# [What the task requires]
The copy must match the data below line for line and contain no images.

# [Dataset excerpt]

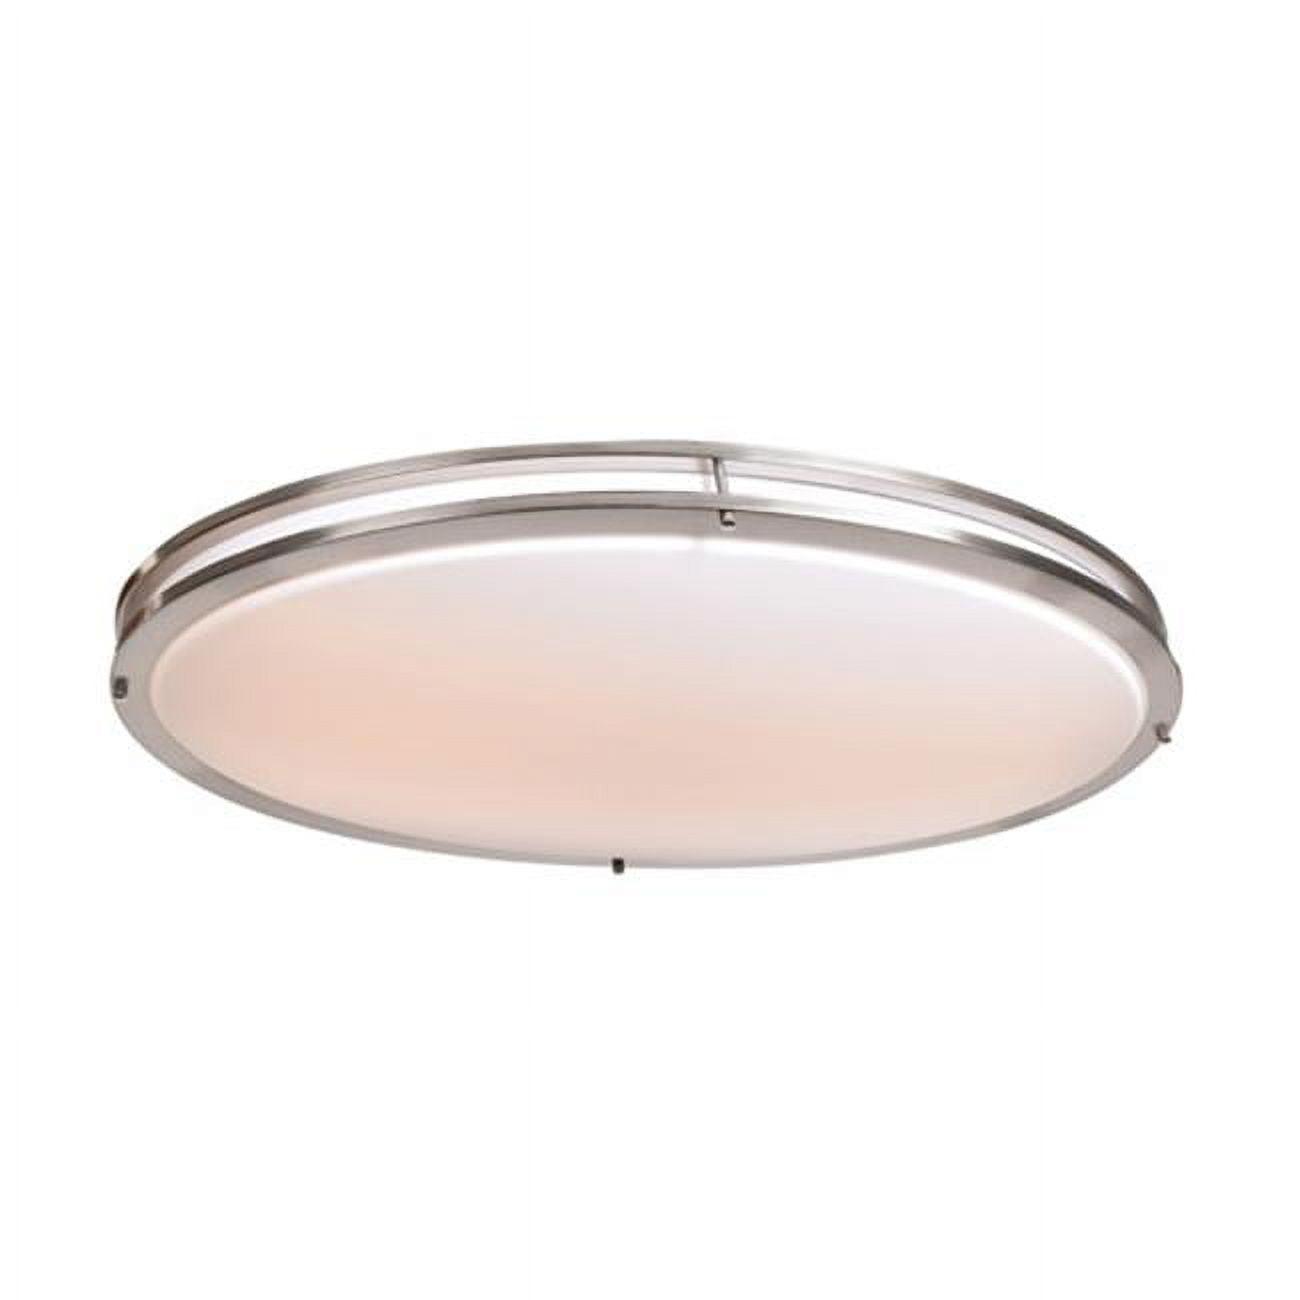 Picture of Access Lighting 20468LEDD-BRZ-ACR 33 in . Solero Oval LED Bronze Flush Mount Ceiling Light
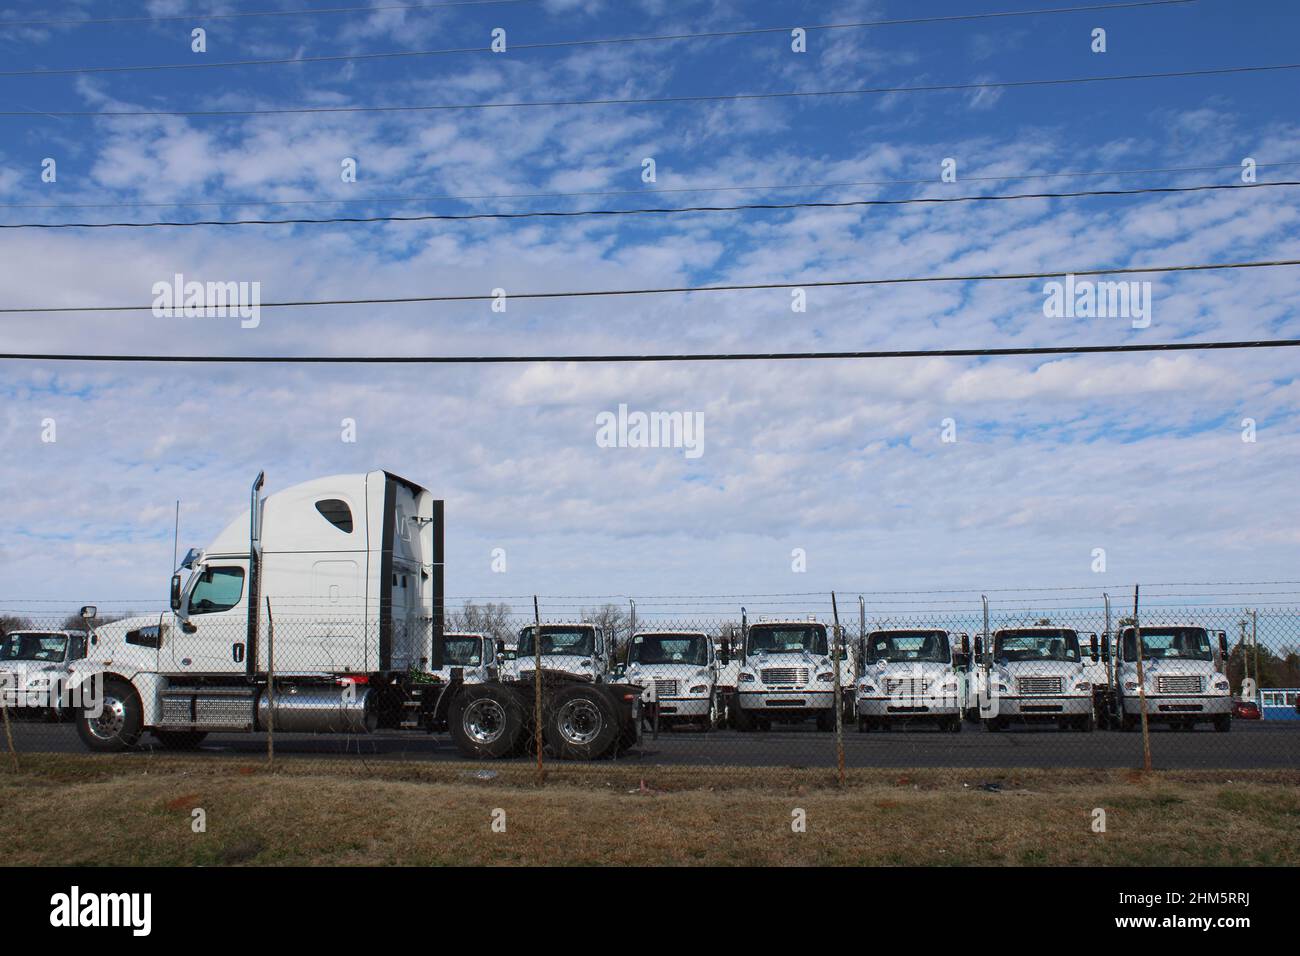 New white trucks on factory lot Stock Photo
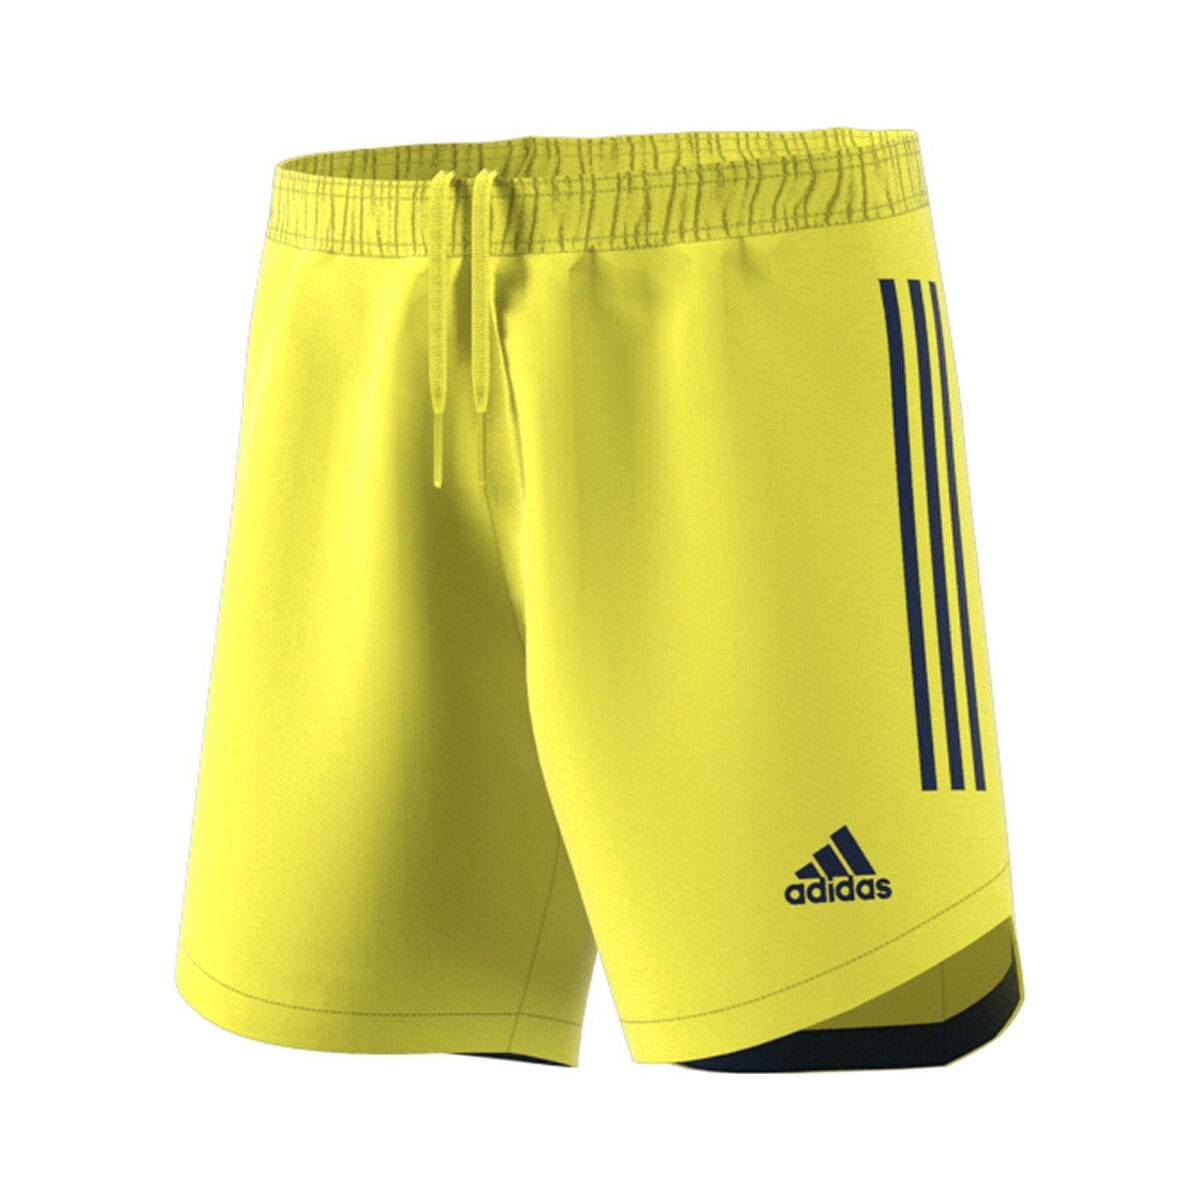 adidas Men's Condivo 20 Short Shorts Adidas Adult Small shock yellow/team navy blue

# [Written solution]
 Picture of Access Lighting 20468LEDD-BRZ-ACR 33 in . Solero Oval LED Bronze Flush Mount Ceiling Light
 New white trucks on factory lot Stock Photo
 adidas Men's Condivo 20 Short Shorts Adidas Adult Small shock yellow/team navy blue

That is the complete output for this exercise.